Scirpusin A (2b), IUPAC: 4-[3-(3,5-dihydroxyphenyl)-6-hydroxy-4-[(E)-2-(4-hydroxyphenyl)ethenyl]-2,3-dihydro-1-benzofuran-2-yl]benzene-1,2-diol. [M‒H]‒ = 469.1214. 1H NMR (400 MHz, methanol-d4), δ 7.03 (d, 2, J = 8.6 Hz, H-3, H-5), 6.83 (d, 1, J = 16.2 Hz, H-7), 6.75 (d, 1, J = 2.2 Hz, H-2′), 6.73 (d, 1, J = 8.2 Hz, H-5′), 6.64 (d, 2, J = 8.6 Hz, H-2, H-6), 6.63 (dd, 1, J = 8.2 Hz, 2.2 Hz H-6′), 6.62 (d, 1, J = 2.0 Hz, H-14), 6.55 (d, 1, J = 16.2 Hz, H-8), 6.25 (d, 1, J = 2.0 Hz, H-12), 6.17 (d, 1, J = 2 Hz, H-12′), 6.16 (d, 2, J = 2 Hz, H-10′, H-14′) 5.29 (d, 1, J = 6.2 Hz, H-7′), 4.33 (d, 1, J = 6.2 Hz, H-8′). See Figs. S6‒S8 in the Supplementary Information for the spectra.

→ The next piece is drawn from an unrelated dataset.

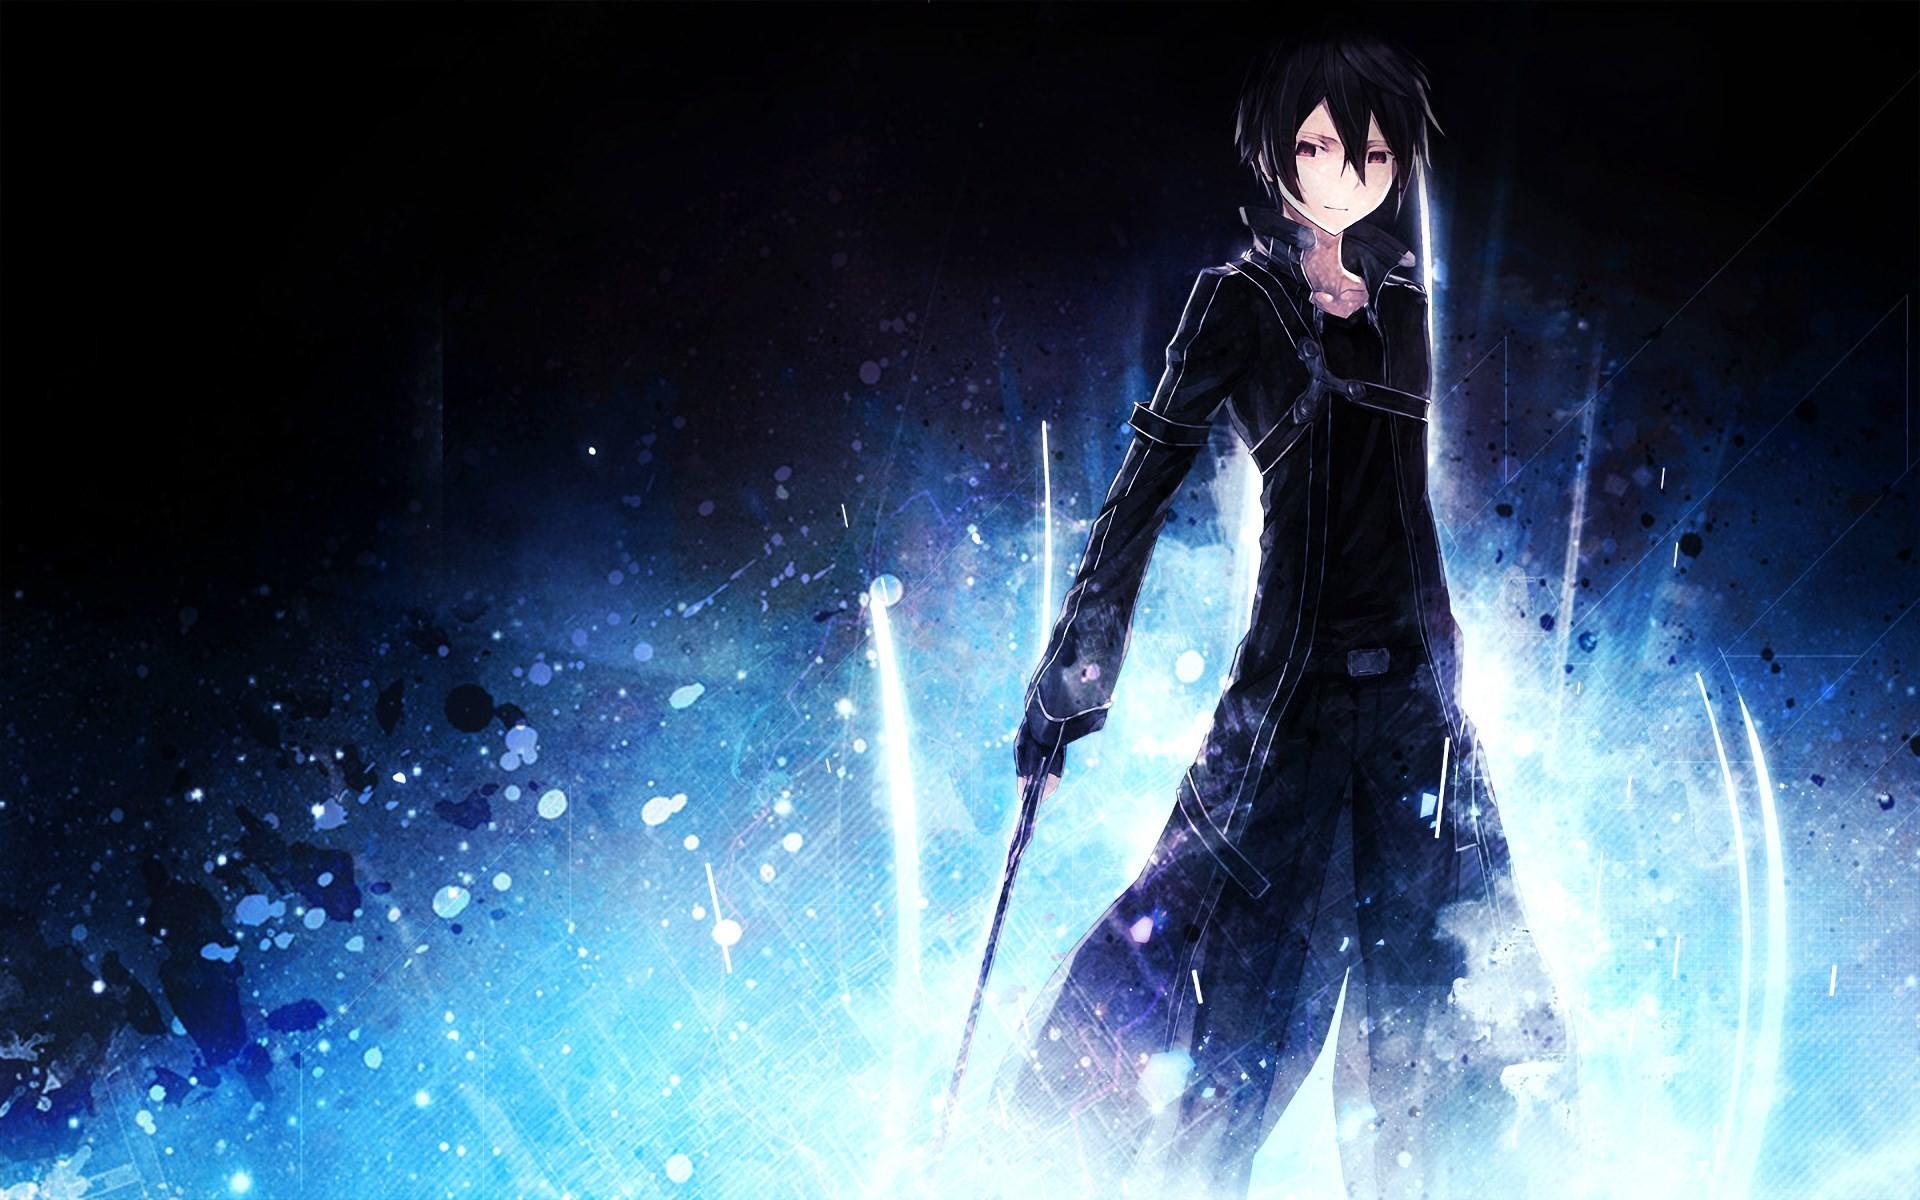 Sword Art Online Wallpaper HD (80+ images)

Scirpusin B (3), IUPAC: 4-[(E)-2-[2-(3,4-dihydroxyphenyl)-3-(3,5-dihydroxyphenyl)-6-hydroxy-2,3-dihydro-1-benzofuran-4-yl]ethenyl]benzene-1,2-diol. [M‒H]‒ = 485.1217. 1H-NMR (400 MHz, methanol-d4), δ: 6.77 (d, 1, J = 16.4 Hz, H-7), 6.75 (d, 1, J = 2.2 Hz, H-2′), 6.74 (d, 1, J = 8.3 Hz, H-5′), 6.70 (d, 1, J = 2.0 Hz, H-2), 6.63 (d, 1, J = 8.3 Hz, H-5), 6.63 (dd, 1, J = 8.3, 2.2 Hz, H-6′), 6.62 (d, 1, J = 2.1 Hz, H-14), 6.57 (dd, 1, J = 8.3, 2.0 Hz, H-6), 6.54 (d, 1, J = 16.4 Hz, H-8), 6.25 (d, 1, J = 2.1 Hz, H-12), 6.17 (t, 1, J = 2.1 Hz, H-12′), 6.15 (d, 2, J = 2.1 Hz, H-10′,H-14′), 5.28 (d, 1, J = 5.9 Hz, H-7′), 4.33 (d, 1, J = 5.9 Hz, H-8′). 13C-NMR (100 MHz, methanol-d4) δ: 162.9 (C-11), 160.0 (C-11′, C-13′), 159.8 (C-13), 147.7 (C-9′), 146.6 (C-3/C-4/C-3′/C-4′), 146.5 (C-3/C-4/C-3′/C-4′), 146.4 (C-3/C-4/C-3′/C-4′), 146.3 (C-3/C-4/C-3′/C-4′), 137.0 (C-9), 135.0 (C-1′), 131.0 (C-1), 130.9 (C-7), 123.7 (C-8), 120.2 (C-6), 119.8 (C-10), 118.5 (C-6′), 116.4 (C-5), 116.3( C-5′), 114.1 (C-2), 113.7 (C-2′), 107.3 (C10′, C-14′), 104.4 (C-14), 102.2 (C-12′), 96.8 (C-12), 94.9 (C-7′), 58.1 (C-8′). See Figs. S8‒S13 in the Supplementary Information for the spectra.